Rath sat down. The fact that Buddha could get stuck into cakes straight after a visit to the morgue testified to a steady constitution. Böhm didn’t look quite so happy, but was forcing himself to eat a slice of nut cake.

‘So,’ Gennat said, ‘take a seat and tell me what you found out about these yangatang…’

‘Yangtao, Sir.’ Rath fished one out of his pocket and divided it with the cake knife. ‘You can use your fork to scoop it out.’

Gennat tried it and nodded appreciatively. ‘It comes from China, you say?’

‘I met someone today who grows yangtao here in Berlin, but that’s the exception. Otherwise I think you can only get it in China. It’s a very exclusive fruit, and not exactly cheap.’

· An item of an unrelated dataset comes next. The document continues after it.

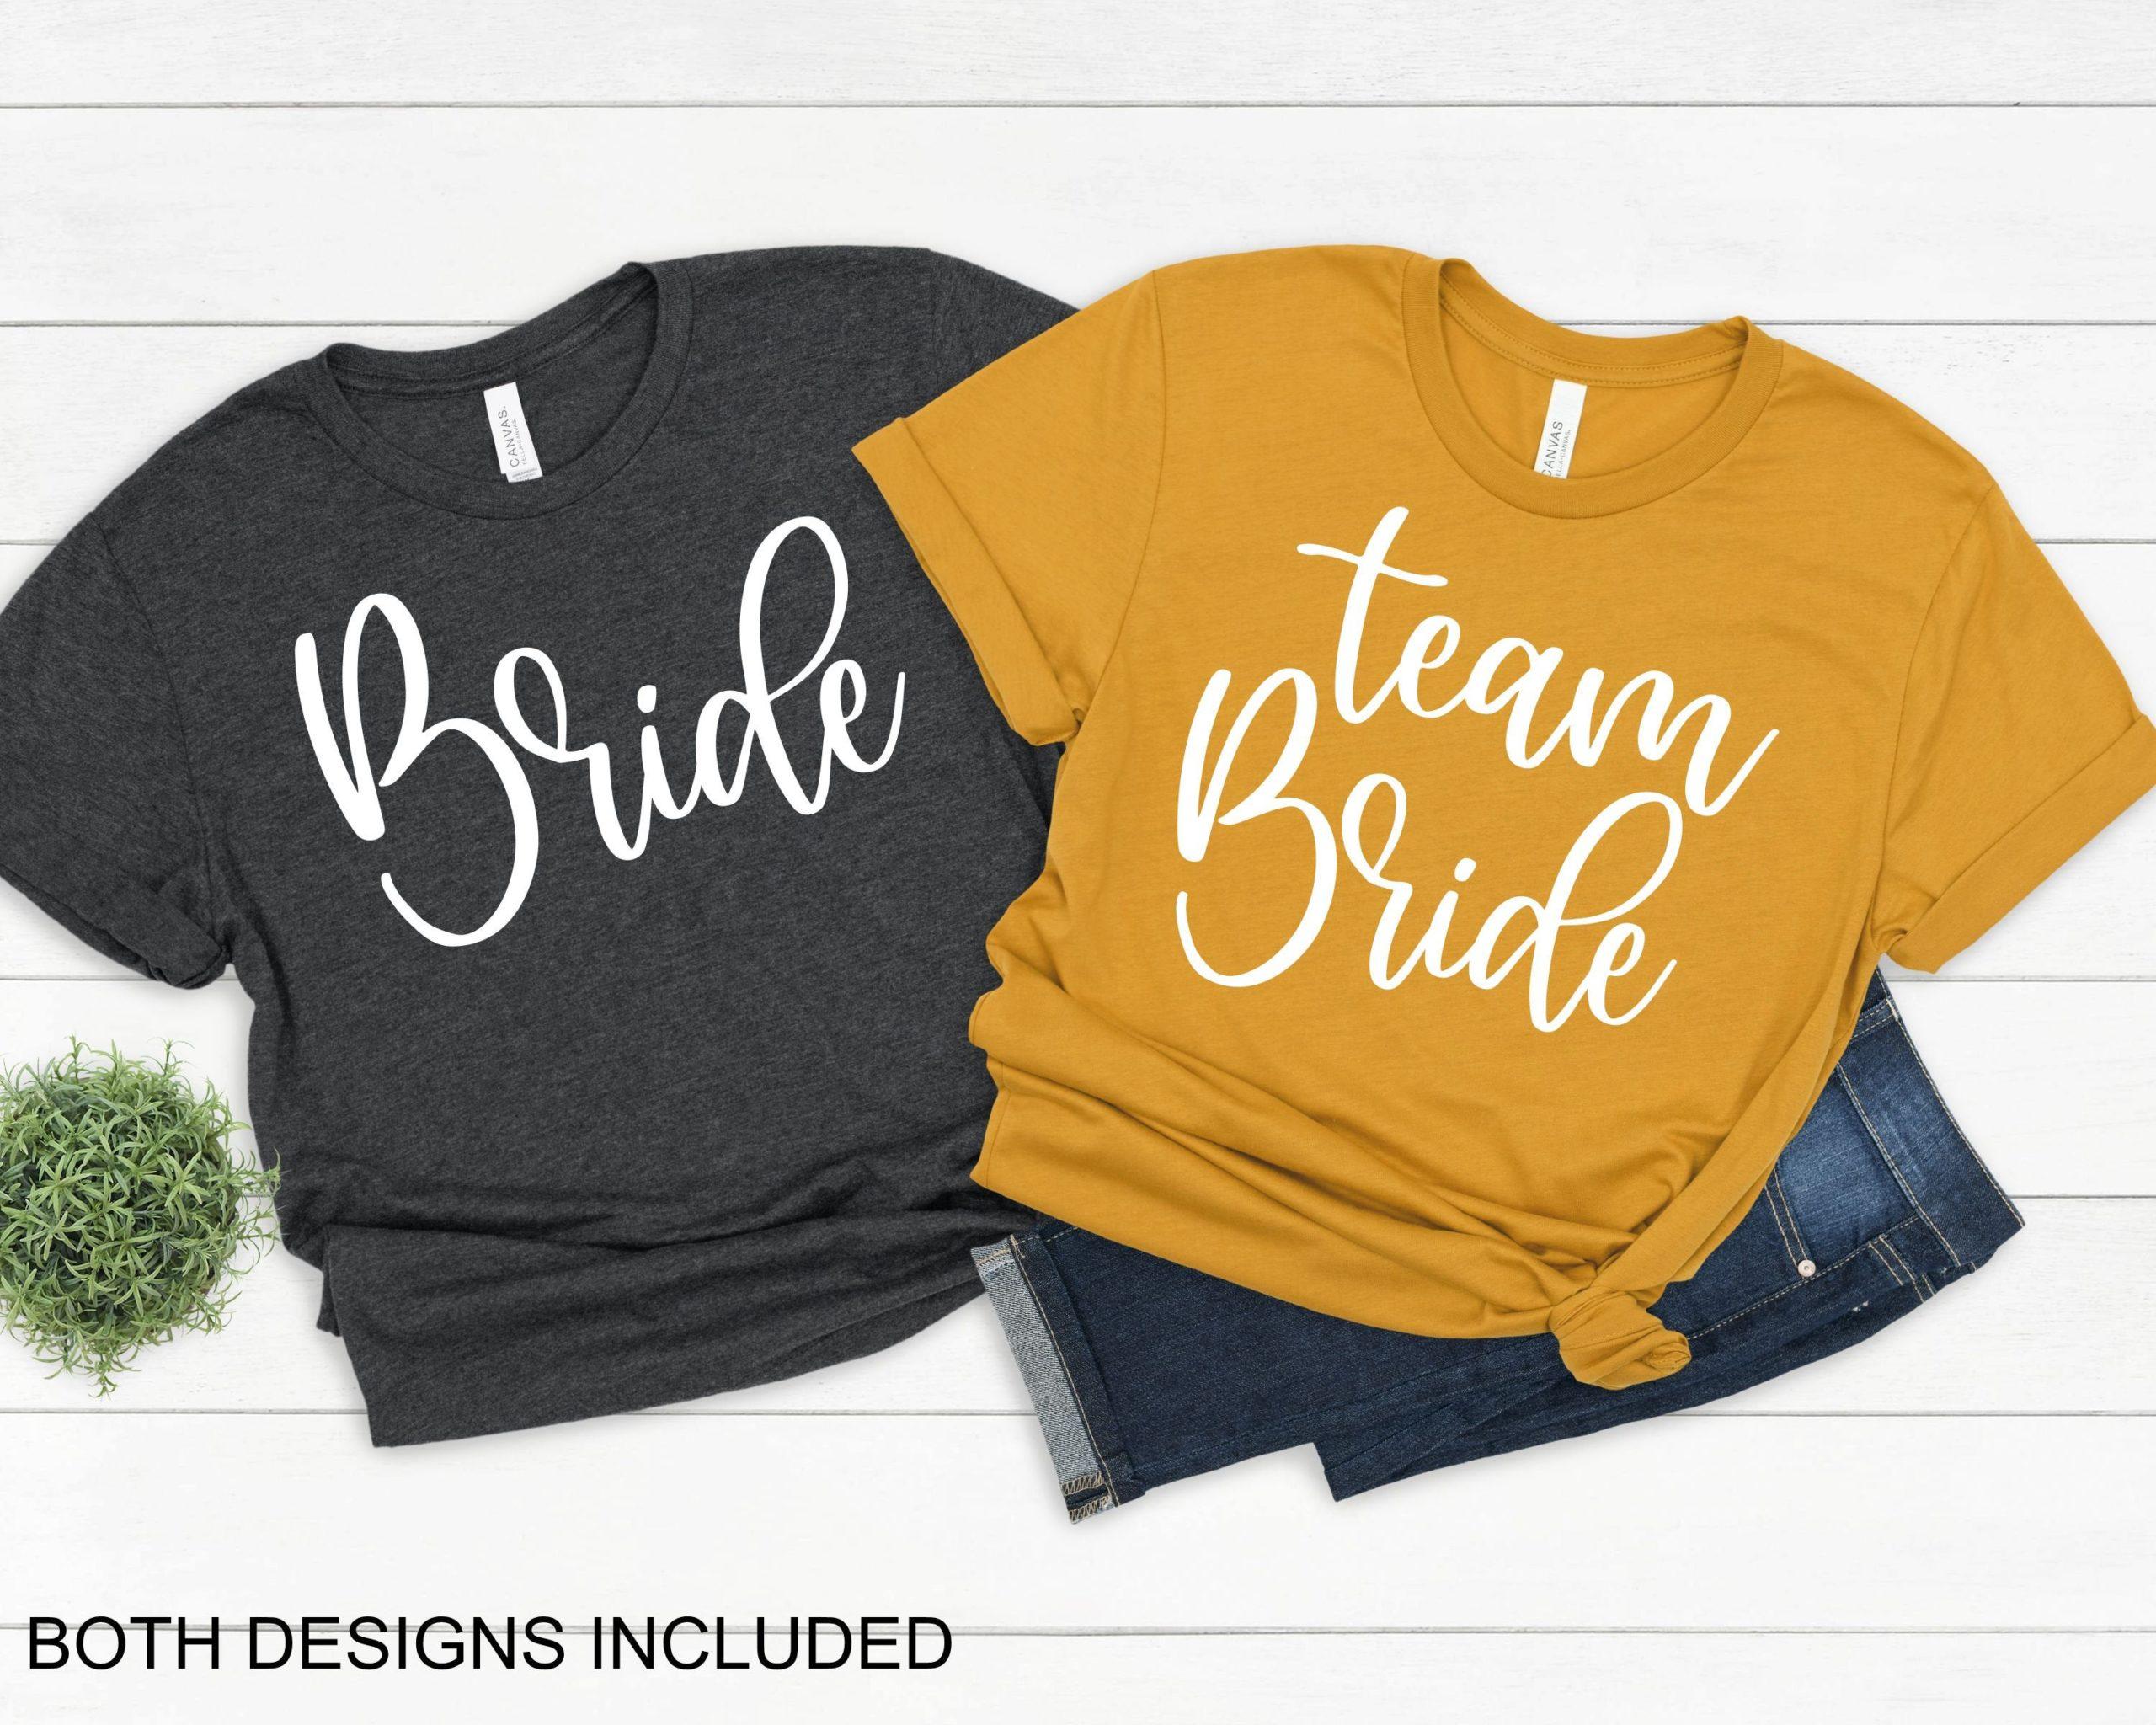 Bride-and-team-bride-svg-team-bride-svg-bridal-party-svg-wedding-svg-design-bachelorette-svg-design-bridesmaid-cricut-svg-600a1638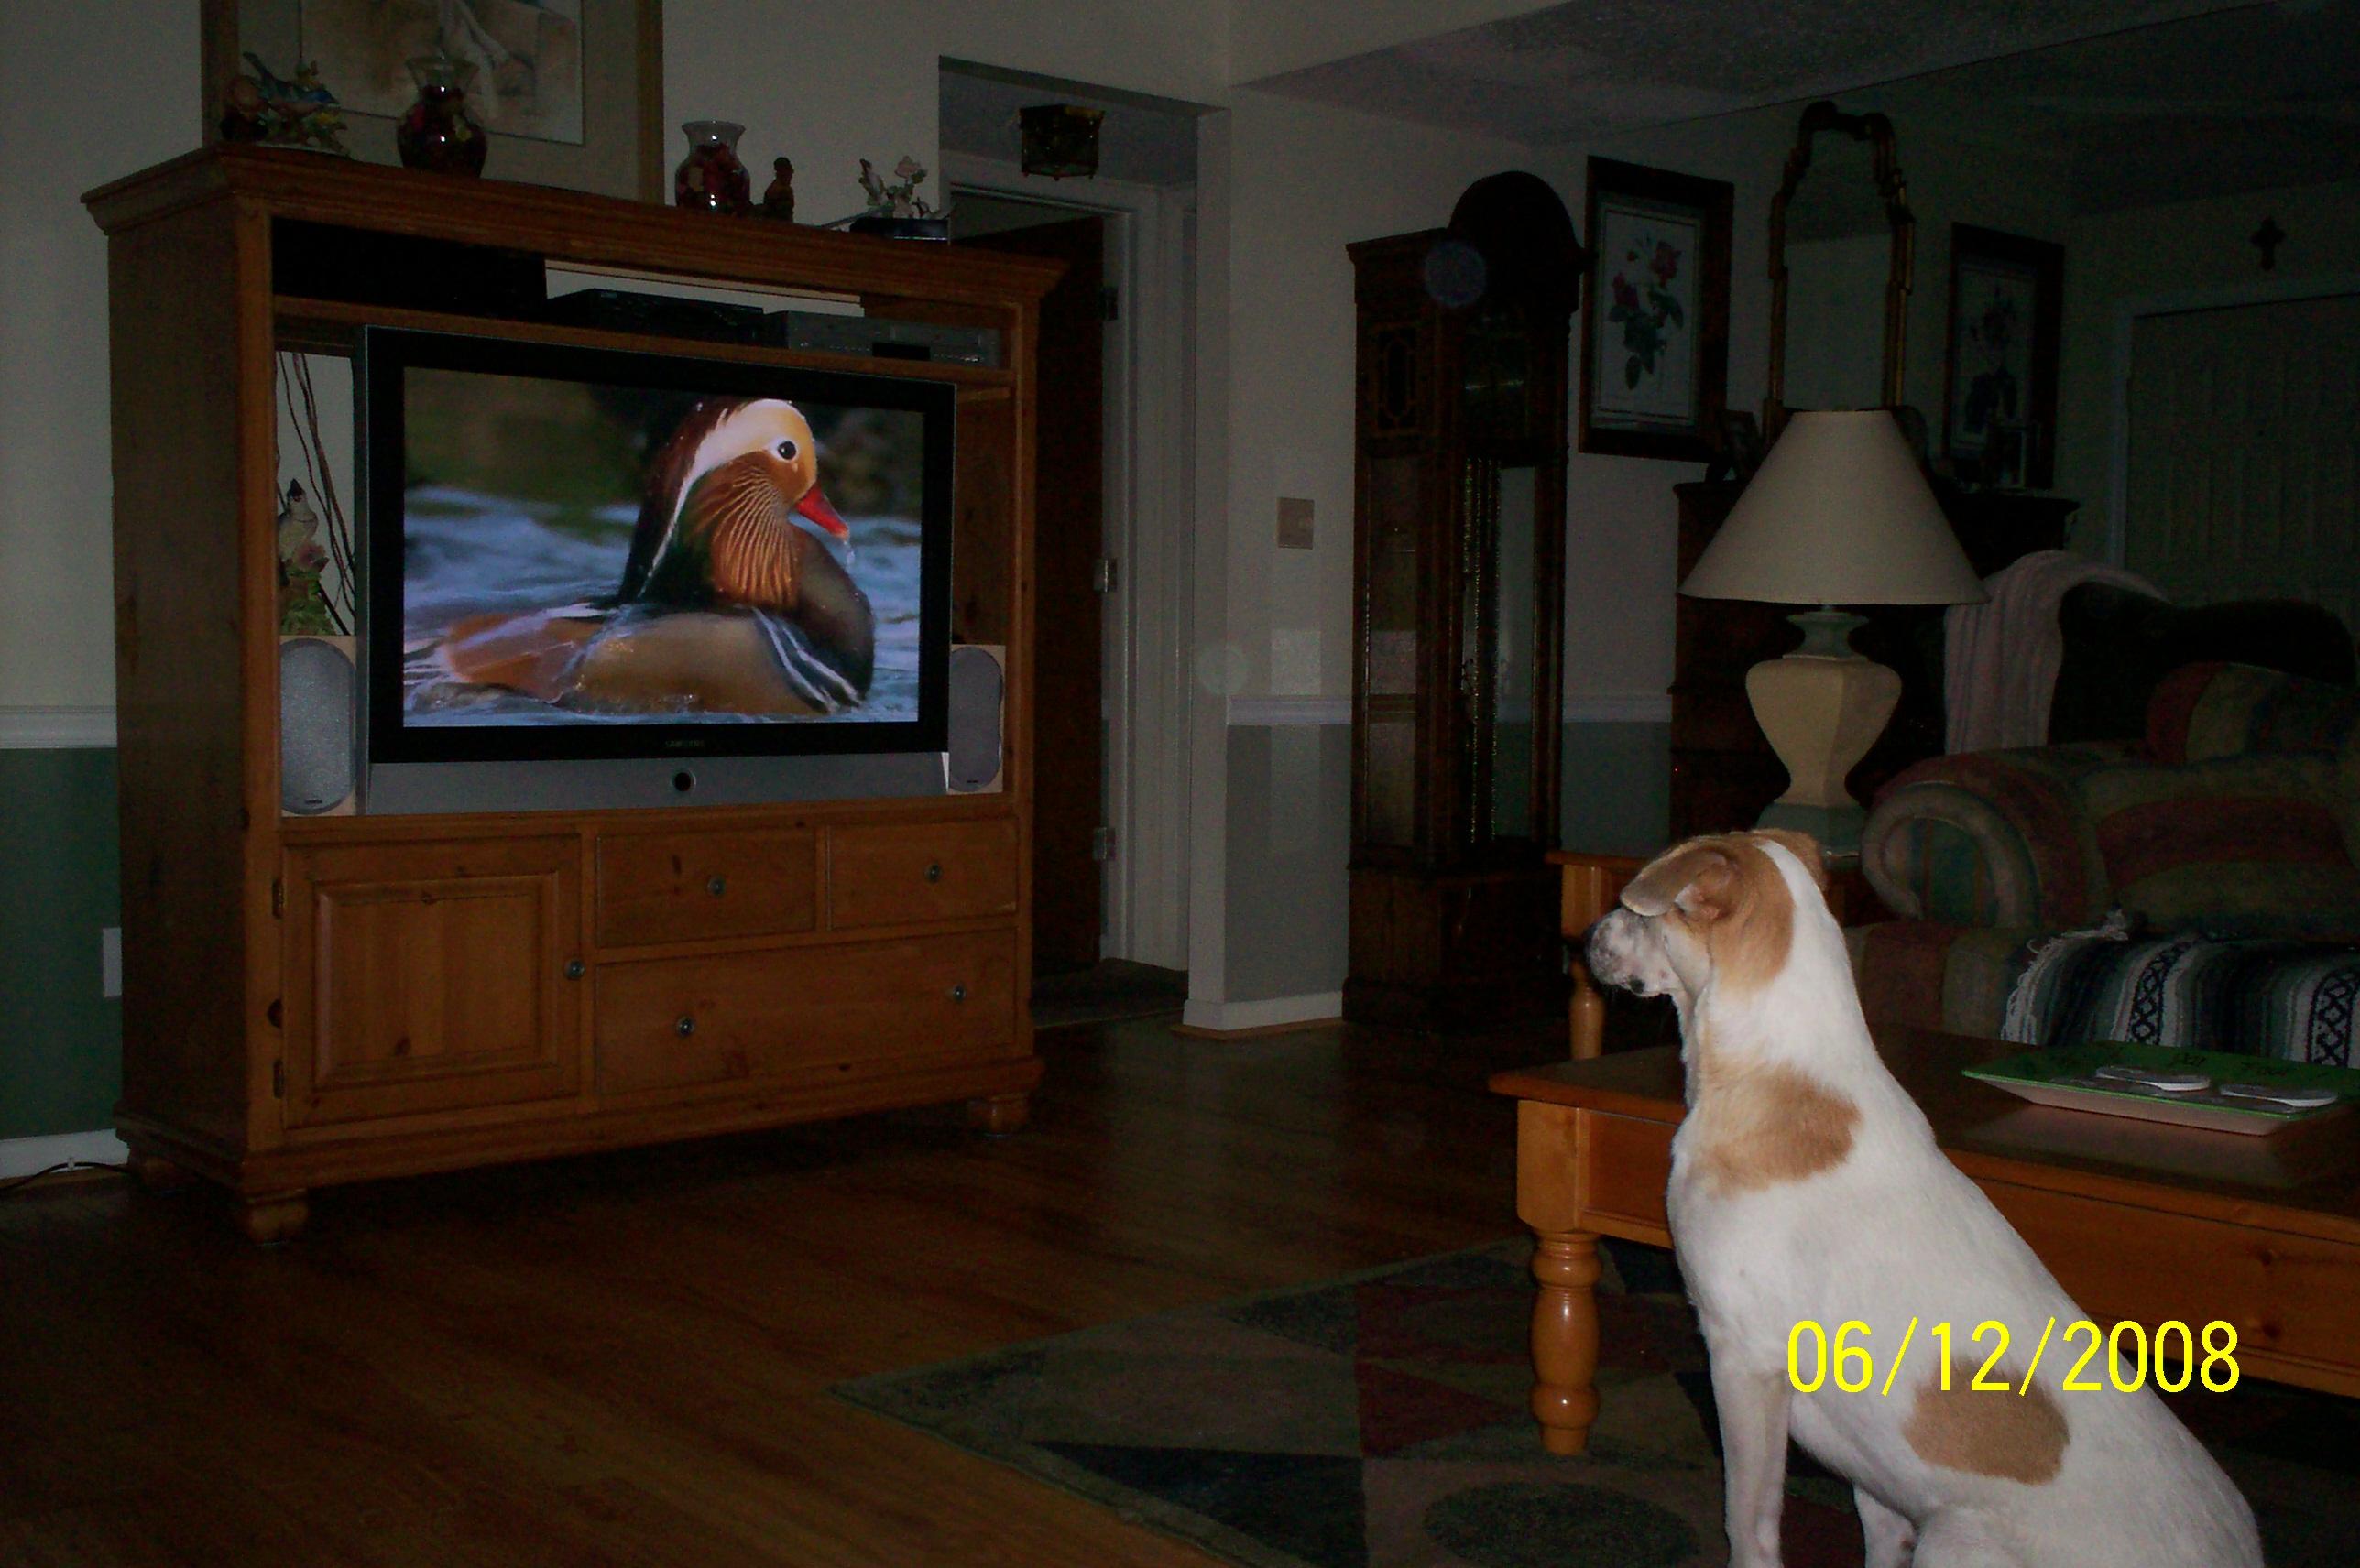 Taylove TV

‘Just the thing for film actresses.’

‘Perhaps it’s fashionable in those circles. I still don’t know where Fastré bought hers, but the owner of the Chinahaus in Kantstrasse remembered Betty Winter. Curious as it seems, the matter doesn’t appear to go anywhere after that. You see, Vivian Franck has nothing to do with yangtao. She never even went near Chinese food, I learned today. On the other hand, she was picked up by this stranger outside a Chinese restaurant.’

Trudchen Steiner entered with coffee and a cake plate. ‘Help yourself,’ Gennat said.

Rath looked at the cake plate which, despite having already been plundered, still contained a lavish selection. He left the last slice of gooseberry tart for Gennat, Buddha’s favourite, and shovelled a slice of cheesecake onto his own plate.

‘Well,’ Böhm said, having polished off his nut cake, ‘we can consign this Chinese gooseberry nonsense to the shelves. I thought it was hogwash from the start.’

Gennat helped himself to some German gooseberry tart. ‘Rath has already voiced his doubts,’ he said, ‘but as far as I’m concerned the matter isn’t closed. There remains this curious coincidence…’

‘Exactly, coincidence!’ Böhm thundered. ‘The Winter and Fastré cases have nothing to do with each other!’

‘…this curious coincidence,’ Gennat continued, ‘and such coincidences always make me uneasy.’

‘We should be concerned with facts, not feelings,’ Böhm said.

‘We might collect facts, but we should nevertheless allow ourselves to be guided by our instincts,’ Gennat said. ‘I wouldn’t have solved half the cases I have if I had limited myself to simply collecting the facts.’

‘I’m not talking about limiting ourselves. I’m saying we shouldn’t be abandoning ourselves to wild theories,’ Böhm grumbled.

‘If you mean Rath’s theory that it was staged,’ Gennat responded, ‘then I have to tell you that, of all the observations made by colleagues this morning, it’s still the most plausible. We are dealing with a perpetrator who loves putting on a show – perhaps he has a background in theatre or film, which would explain his preference for actresses. If the killer is trying to tell us something with these murders, and the way he presents his victims, then there are a number of questions we need to ask ourselves. Why are the corpses in these cinemas specifically? Why are they in cinemas at all? Why film actresses, and why does he remove their vocal cords? We know that he kills them first. So why does he dress their corpses so beautifully afterwards, make them up and deck them out in fine clothes, perfume them even?’